Studio album by Wiz Khalifa
- Released: July 13, 2018
- Recorded: 2016–2018
- Genre: Trap
- Length: 89:52
- Labels: Taylor Gang; Atlantic;
- Producers: 1Mind; 30 Roc; A1; Anthony Horvath; Ayo; Bobby Raps; Cardo; CBMix; Chris Dreamer; Cubeatz; Dave Sava6e; DJ Khalil; Easy Mo Bee; EZ Elpee; Frank Dukes; Hitmaka; ID Labs; Javar Rockamore; Keyz; Mike Will Made It; Nostxlgic; NSFR; Outtatown; Pvlace; Rockamore; Sledgren; Tay Keith; Terrace Martin; TM88; Twon Beatz; Young Chop; Yung Exclusive;

Wiz Khalifa chronology
| Laugh Now, Fly Later (2017) | Rolling Papers 2 (2018) | 2009 (2019) |

Singles from Rolling Papers 2
- "Something New" Released: August 11, 2017; "Real Rich" Released: May 4, 2018; "Hopeless Romantic" Released: June 22, 2018; "Gin & Drugs" Released: June 29, 2018; "Fr Fr" Released: September 18, 2018;

= Rolling Papers 2 =

2018 album by Wiz Khalifa

Rolling Papers 2 (sometimes stylized as Rolling Papers II) is the sixth studio album by American rapper Wiz Khalifa. It was released on July 13, 2018, by Taylor Gang Entertainment and Atlantic Records, and is the sequel to his major-label debut Rolling Papers (2011). The album features guest appearances by Gucci Mane, Swae Lee, Ty Dolla Sign, PartyNextDoor, Bone Thugs-n-Harmony and Snoop Dogg, among others. It also features appearances from R&B duo THEMXXNLIGHT, as well as Jimmy Wopo, who is credited posthumously following his death on June 18, 2018, less than a month before the album's release. The production is handled by Cardo, Mike Will Made It, Tay Keith, and Young Chop, among others.

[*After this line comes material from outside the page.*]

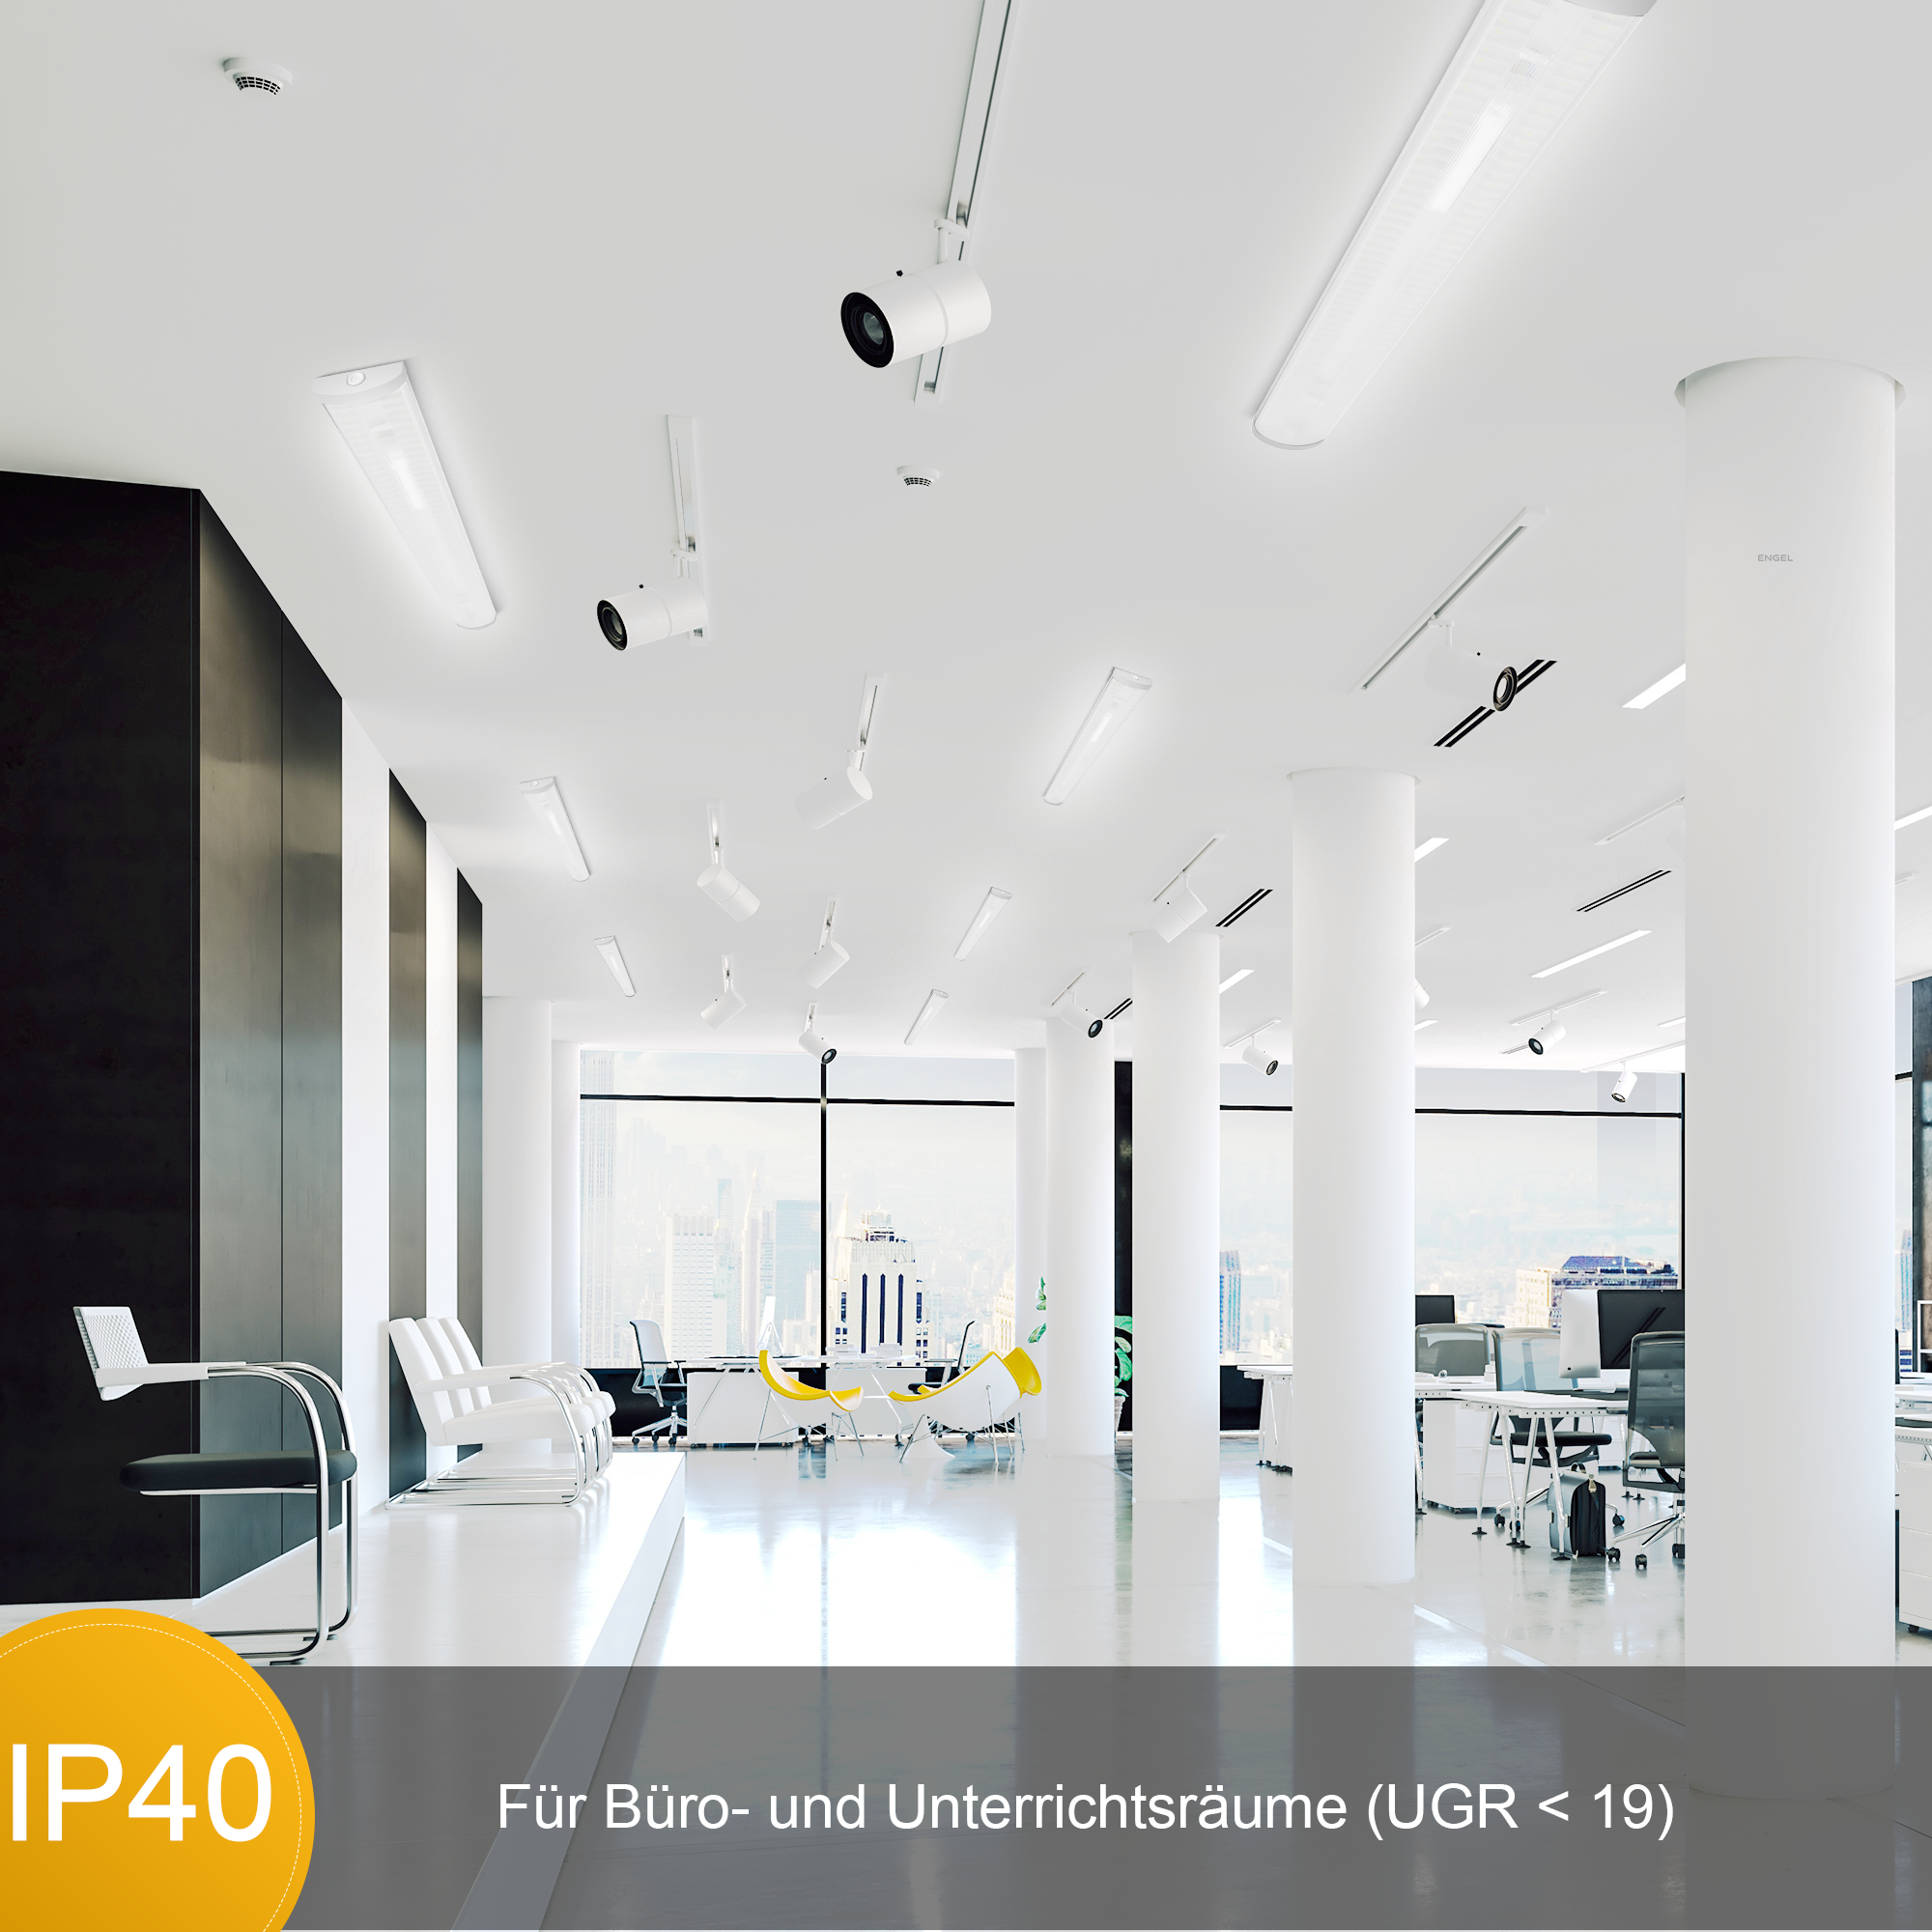 Engel LED Büroleuchte 60-170cm - IP40 UGR 19 Stahlblech Deckenaufhellung Arbeitsplatzleuchte 5 Jahre Garantie

It was supported by the singles "Something New", "Real Rich", "Hopeless Romantic" and "Gin & Drugs". "Something New" and "Hopeless Romantic" were both modest hits, eventually being certified platinum by the RIAA. The album debuted at number 2 on the Billboard 200.

==Background==
In an episode of Genius' For the Record, Wiz Khalifa sat down with hip-hop journalist Rob Markman to speak on the album, stating,

"With Rolling Papers 2, it's like I'm at a whole new point in my career where people may or may not know what to expect. I feel like this is such an opportunity to just come out to the world. It feels so important, it feels as important as the first time. So that's why I said Rolling Papers 2."

==Reception==

Rolling Papers 2 was met with generally mixed reviews from critics. At Metacritic, which assigns a normalized rating out of 100 from mainstream publications, the album received an average score of 56, based on 6 reviews.

Professional ratings
Aggregate scores
| Source | Rating |
| Metacritic | 56/100 |
Review scores
| Source | Rating |
| The 405 | 5.5/10 |
| AllMusic | Star Half star |
| HotNewHipHop | 71% |
| MusicOMH | Star |
| Pitchfork | 4.2/10 |
| XXL | 4/5 |

==Commercial performance==
In the United States, Rolling Papers 2 debuted at number two on the Billboard 200 based on 84.2 million streams of its songs and 14,000 pure album sales, which Billboard equated to 80,000 album-equivalent units. It is Khalifa's fifth top-ten album in the United States. The album earned 33,000 album-equivalent units in the second week. In Canada, the album debuted at number four on the Canadian Albums Chart. It serves as Khalifa's third non-consecutive top-ten album in the country.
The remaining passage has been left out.